A menina fungava baixinho, não dava para saber se seus lábios tremiam pelo choro ou pelo frio que consumia toda a cidade nessa época do ano. Seus cabelos estavam fazendo uma cortina sobre seu corpo enquanto ela estava encolhida com a cabeça enfiada nos joelhos, ela se sentia tão solitária.

Quando Camila nasceu seus pais não eram mais novinhos, estavam numa idade avançada e foi um milagre Sinuhe engravidar, eles ficaram tão felizes, mas não pensaram na consequência do ato. Aos dez anos Camila perdeu os pais, primeiro sua mãe morreu durante o sono, seu pai três meses depois por depressão, foi o pior ano de sua vida, sem dúvidas. Não havia família por perto, seus avós já não viviam mais, sem irmãos, tios ou primos ela não conhecia, era apenas... ela.

Levaram ela para um orfanato mas ela fugiu aos quinze, não aguentava mais, fora rejeitada todos esses anos por não ser nova demais para ser adotada, doía como o inferno, como se não bastasse a falta que seus pais faziam. E desde os quinze mora na rua, suas tentativas falhas de emprego e alguma moradia fizeram ela desistir, não queria voltar para o orfanato, mesmo tendo na sua frente a decisão de enfrentar as ruas. Dois anos. Dois malditos anos na rua e ela simplesmente não conseguia se acostumar, o frio era de gelar seu corpo, o calor fazia ela querer arrancar as roupas e achar alguma sombra, as doenças que ela já não sabia quantas vezes pegou nesse intervalo de tempo, tinha pouco com ela, apenas um cobertor, roupas quentes que doaram e um colar de sua mãe que ela não tirava por nada, já tentaram roubar mas ela enfrentou uma luta que pode ter se machucado muito, mas não levaram seu bem mais precioso.
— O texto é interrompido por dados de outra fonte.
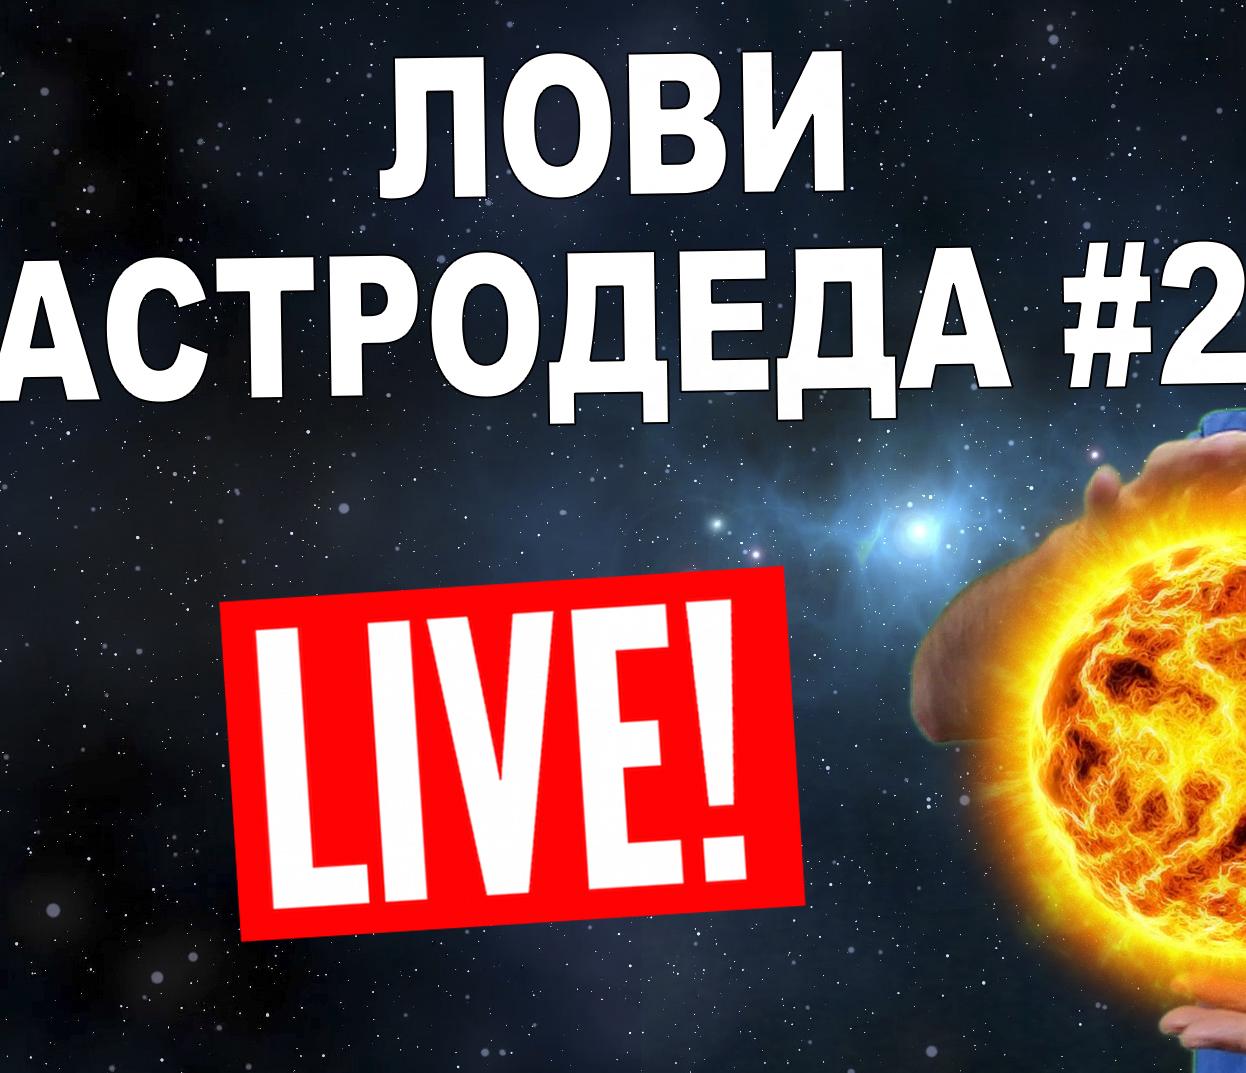 Астрономия,астродед,наука,космос, Лови Астродеда #2

Hoje era natal, seu segundo natal na rua, ela estava tão triste, vendo a rua cheia de famílias correndo para comprar algo de última hora, a árvore gigante que montam no centro da cidade deixava-a deprimida, sua mãe amava montar árvores. Ela começava a pensar que não havia saída para as ruas, ela sentia vontade de acabar de uma vez com seu sofrimento, mas era fraca demais para tentar algo contra sua vida. Infelizmente.

"Clara, vamos logo. O mercado vai fechar em algumas horas." Michael implorou para a mulher, que enrolava como ninguém, ele bufou impaciente e se sentou no sofá, não adiantava ficar em pé mesmo.

"Tenha paciência." Lauren riu baixinho pela cara emburrada do seu pai.

"Eu tento." Ele disse dramático, arrancando risada dos três filhos que estavam na sala. Eles já estavam arrumados e esperavam apenas seus pais irem comprar alguns ingredientes que sua mãe havia esquecido para a sobremesa, ela não iria deixar a sobremesa de fora, era sua receita favorita, nenhum natal faltava.

"O senhor pode trazer umas cervejas para mim? Estou em abstinência." Chris pediu com o famoso bico manhoso e Lauren abriu a boca incrédula, era o seu bico!

"Seu imitão!" Ela empurrou ele pelos ombros e ele riu.

"Só irei trazer porque também preciso de umas cervejas, essa mulher me deixa louco." Ele sussurrou fazendo os três filhos gargalharem, mas não pela fala, e sim por ter uma Clara Jauregui atrás dele de braços cruzados.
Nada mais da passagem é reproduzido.